- _WHAT THE TASK REQUIRES_
Set the pictures aside and transcribe exactly the lines from the one containing "Golden Gate Season" through the final line of the records.

Recorded data:
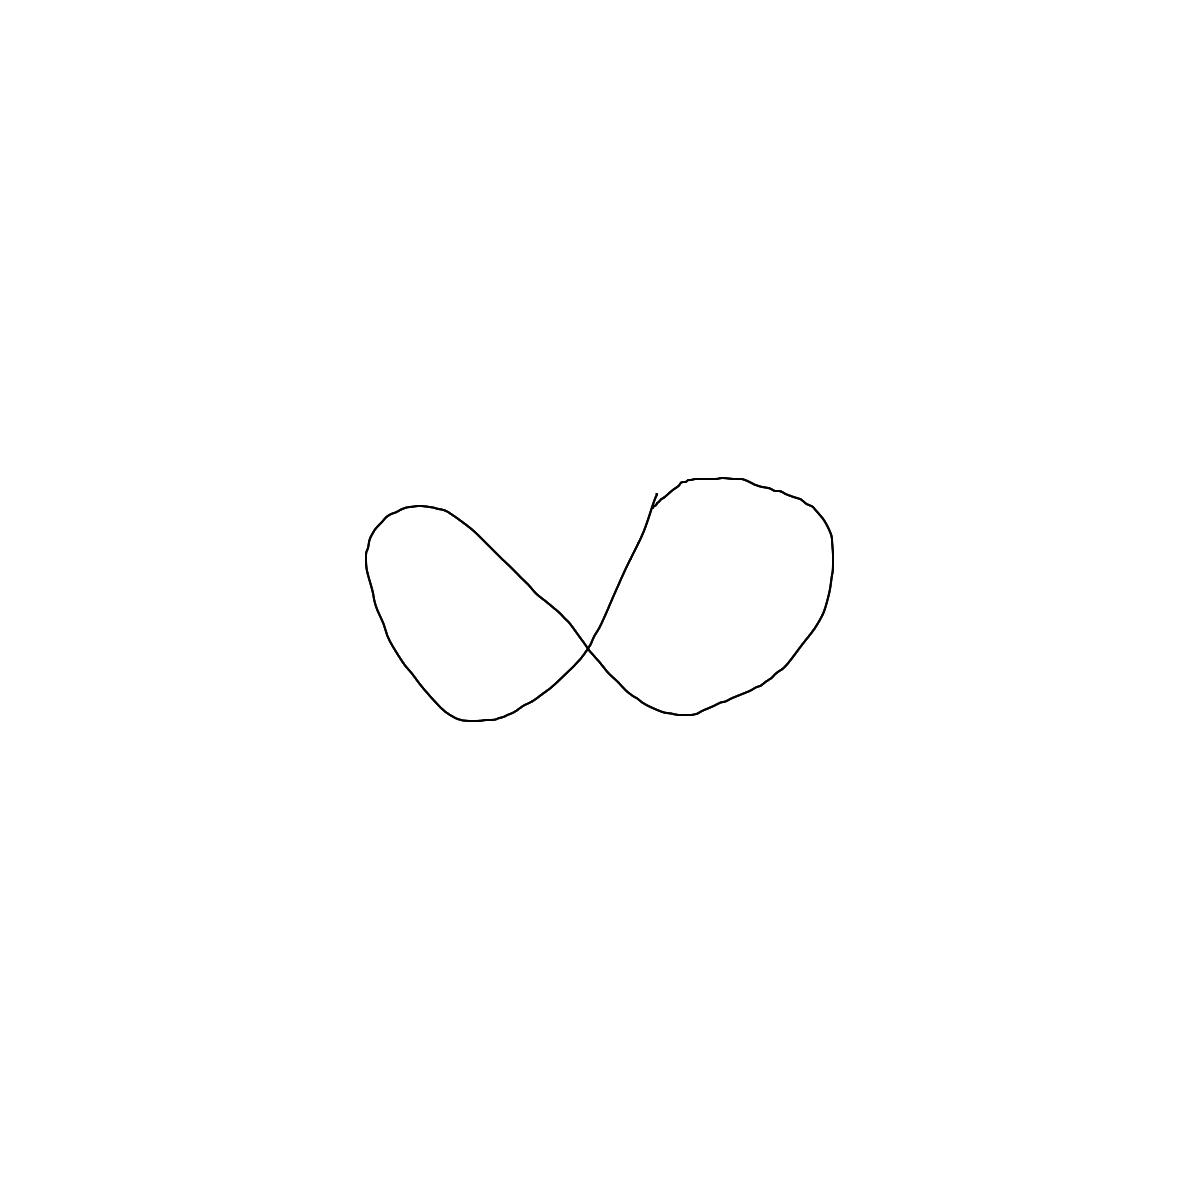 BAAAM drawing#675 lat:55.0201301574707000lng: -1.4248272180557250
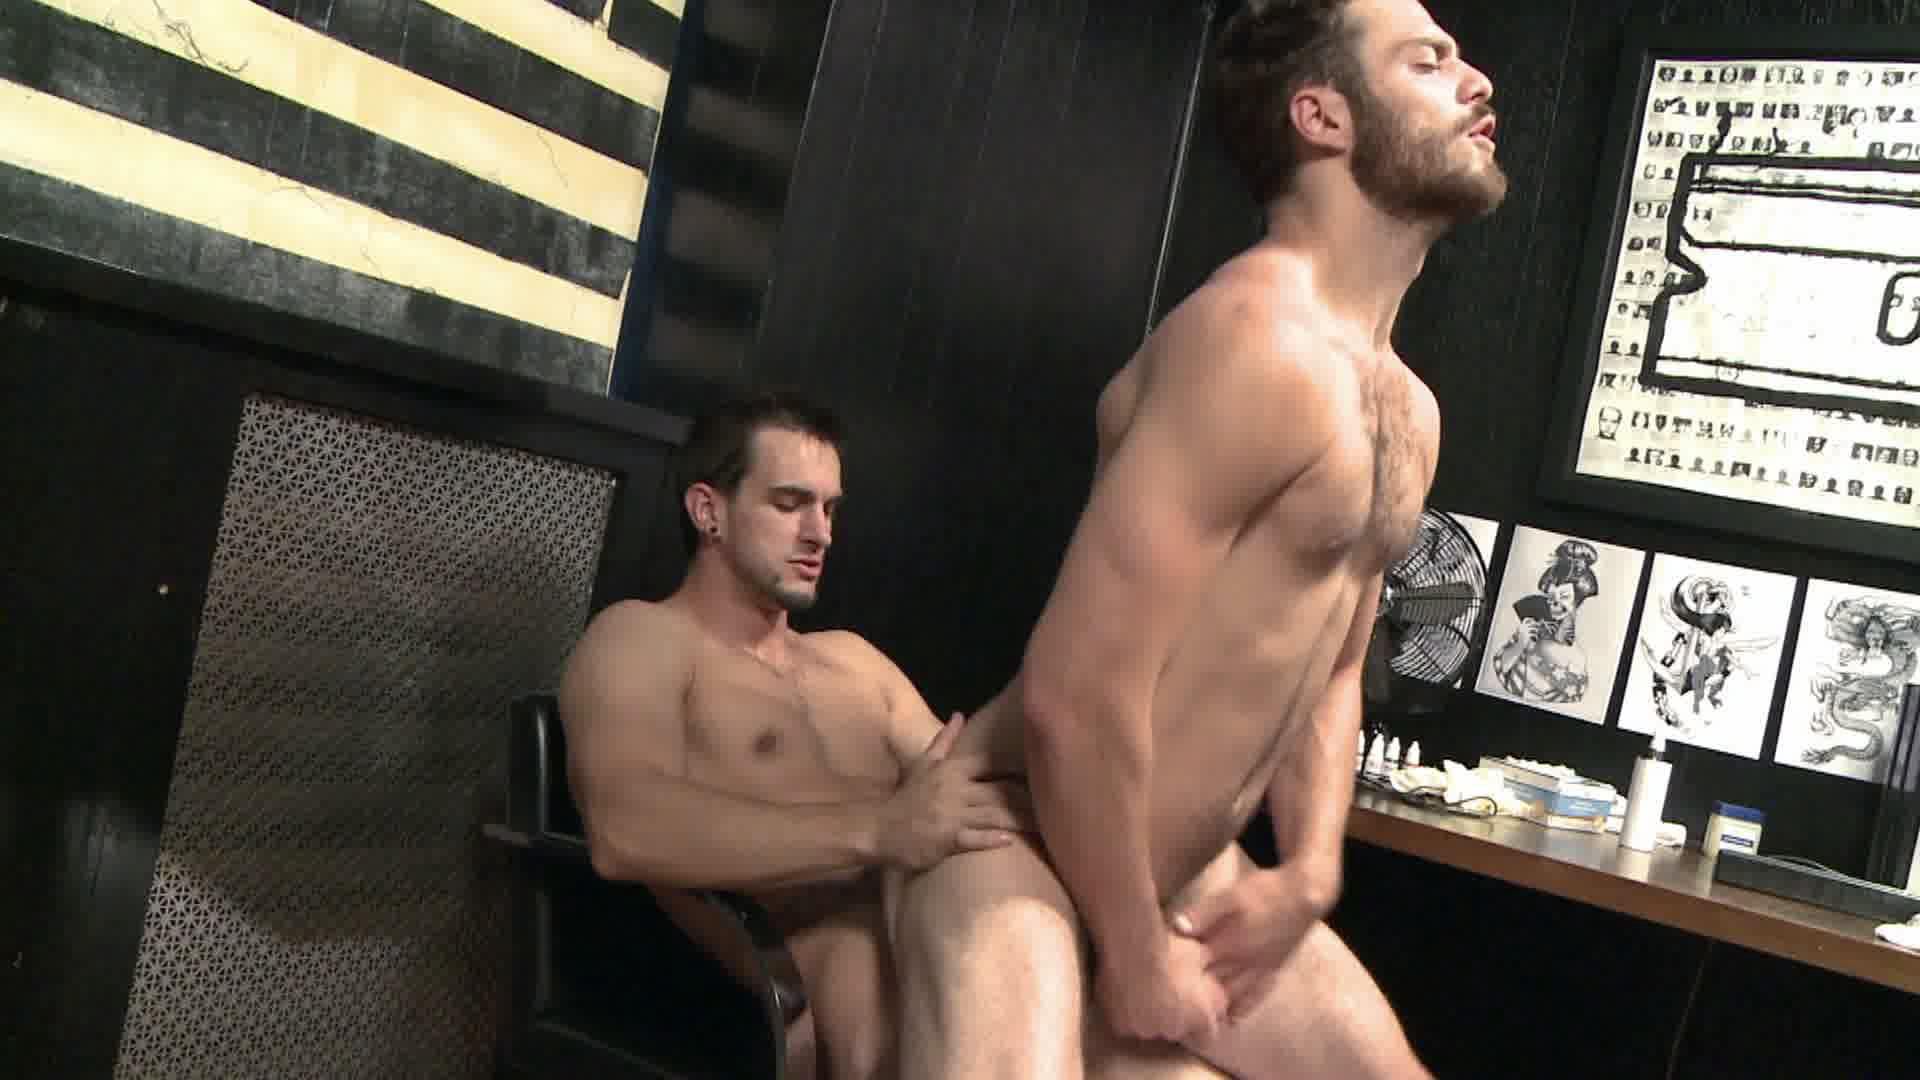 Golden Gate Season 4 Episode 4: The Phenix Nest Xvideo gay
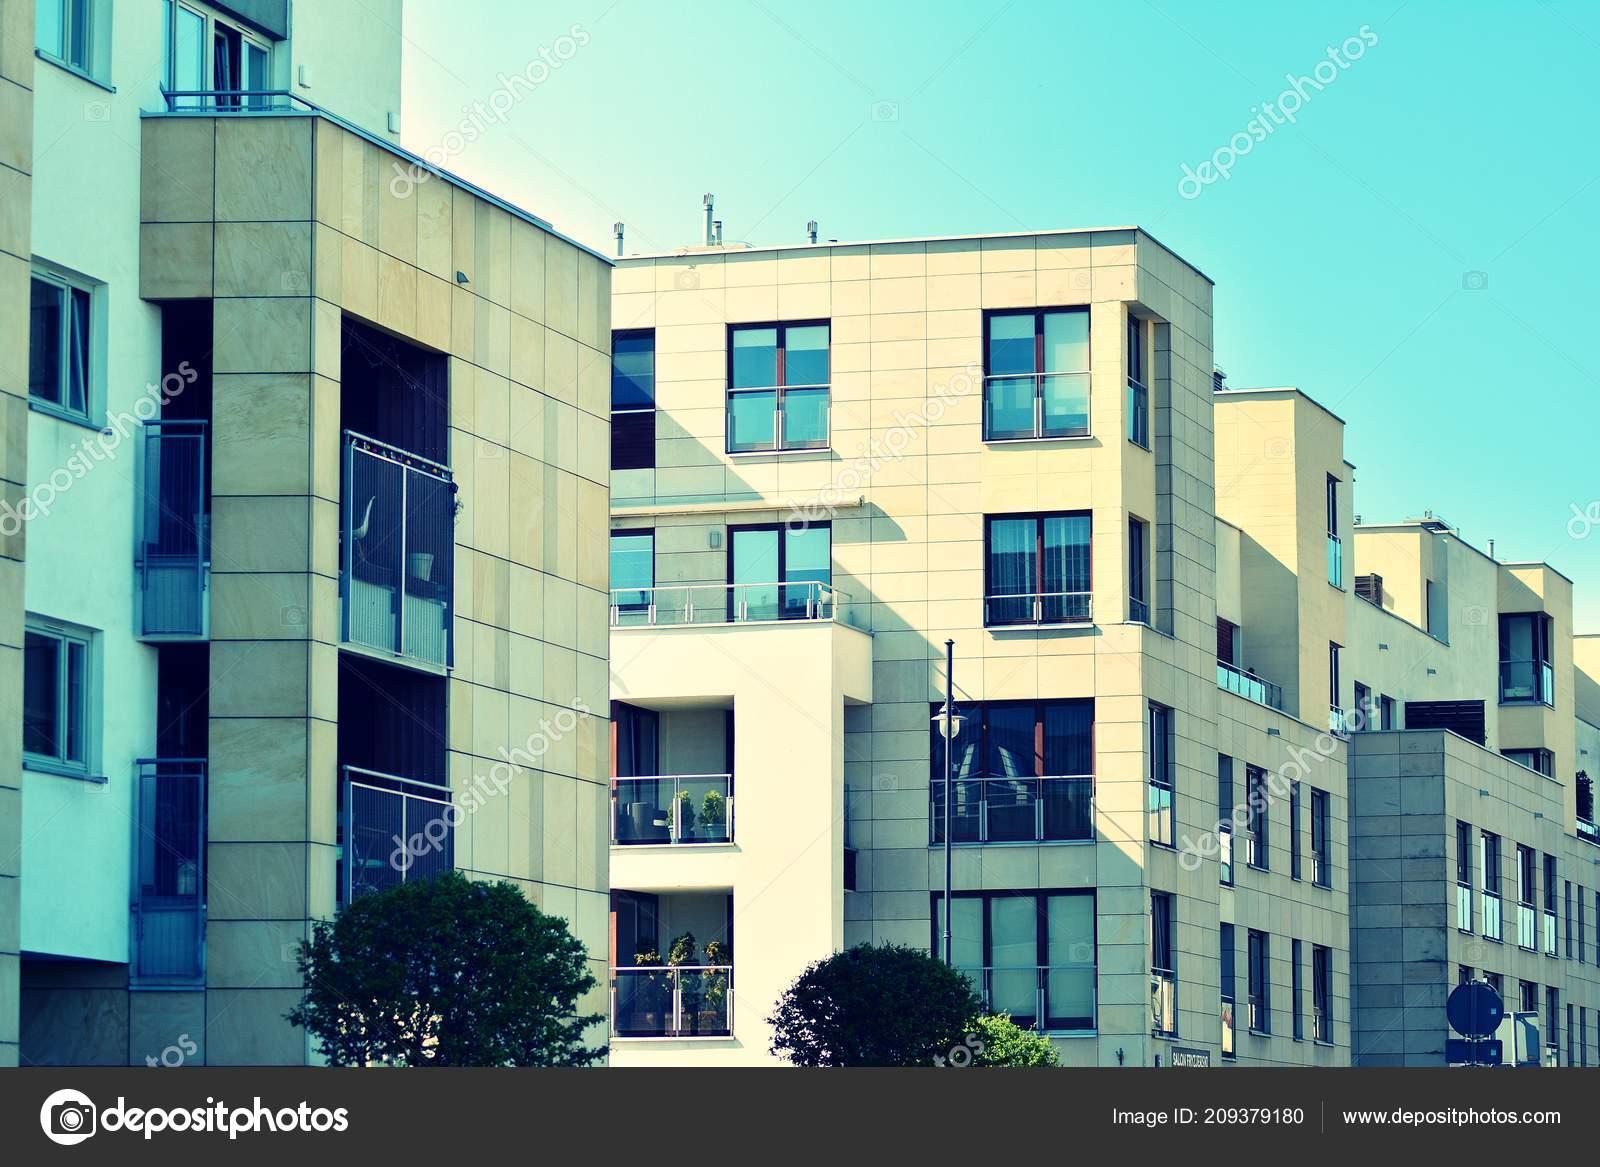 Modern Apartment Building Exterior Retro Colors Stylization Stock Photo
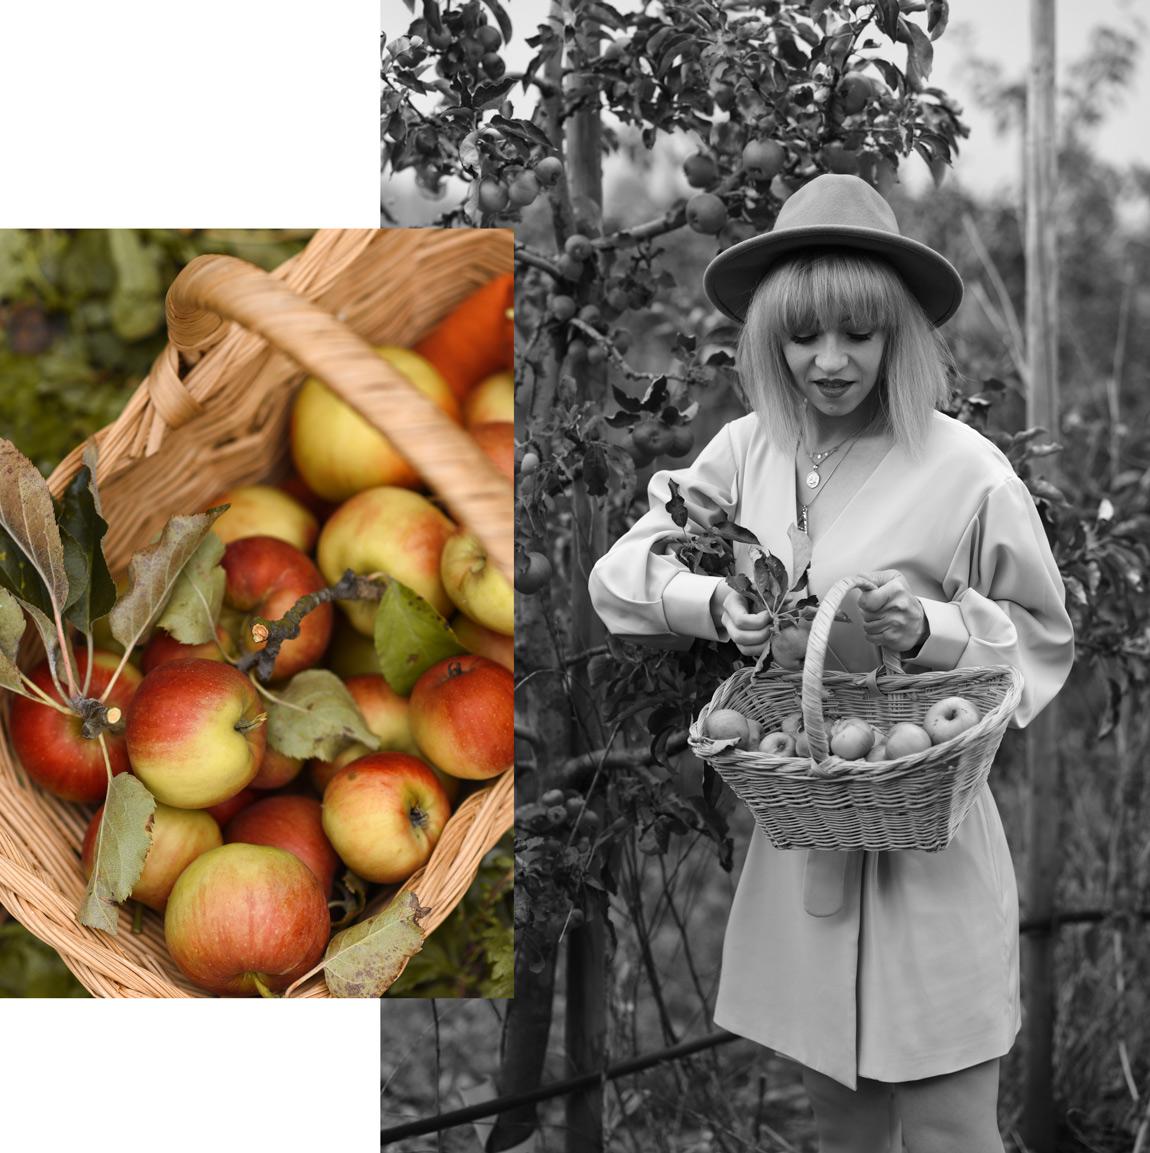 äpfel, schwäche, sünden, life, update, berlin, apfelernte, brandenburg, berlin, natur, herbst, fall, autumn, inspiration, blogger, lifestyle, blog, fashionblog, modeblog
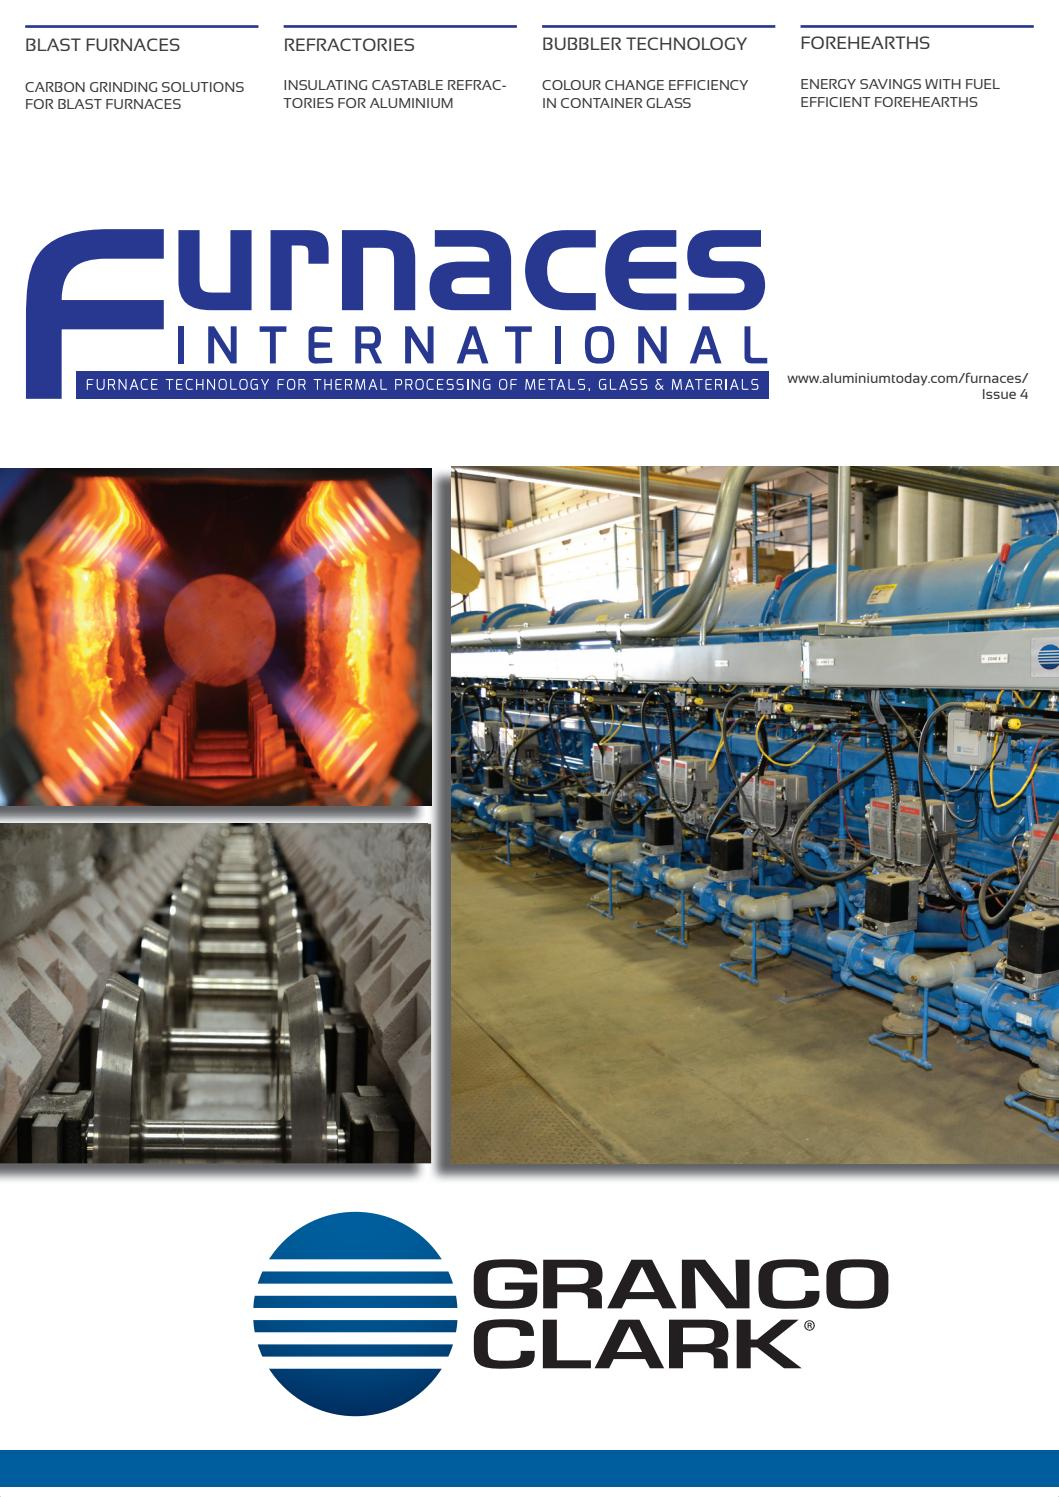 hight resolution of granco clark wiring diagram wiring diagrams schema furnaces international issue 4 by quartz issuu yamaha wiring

- _ANSWER TO THE EXERCISE_
 Golden Gate Season 4 Episode 4: The Phenix Nest Xvideo gay
 Modern Apartment Building Exterior Retro Colors Stylization Stock Photo
 äpfel, schwäche, sünden, life, update, berlin, apfelernte, brandenburg, berlin, natur, herbst, fall, autumn, inspiration, blogger, lifestyle, blog, fashionblog, modeblog
 hight resolution of granco clark wiring diagram wiring diagrams schema furnaces international issue 4 by quartz issuu yamaha wiring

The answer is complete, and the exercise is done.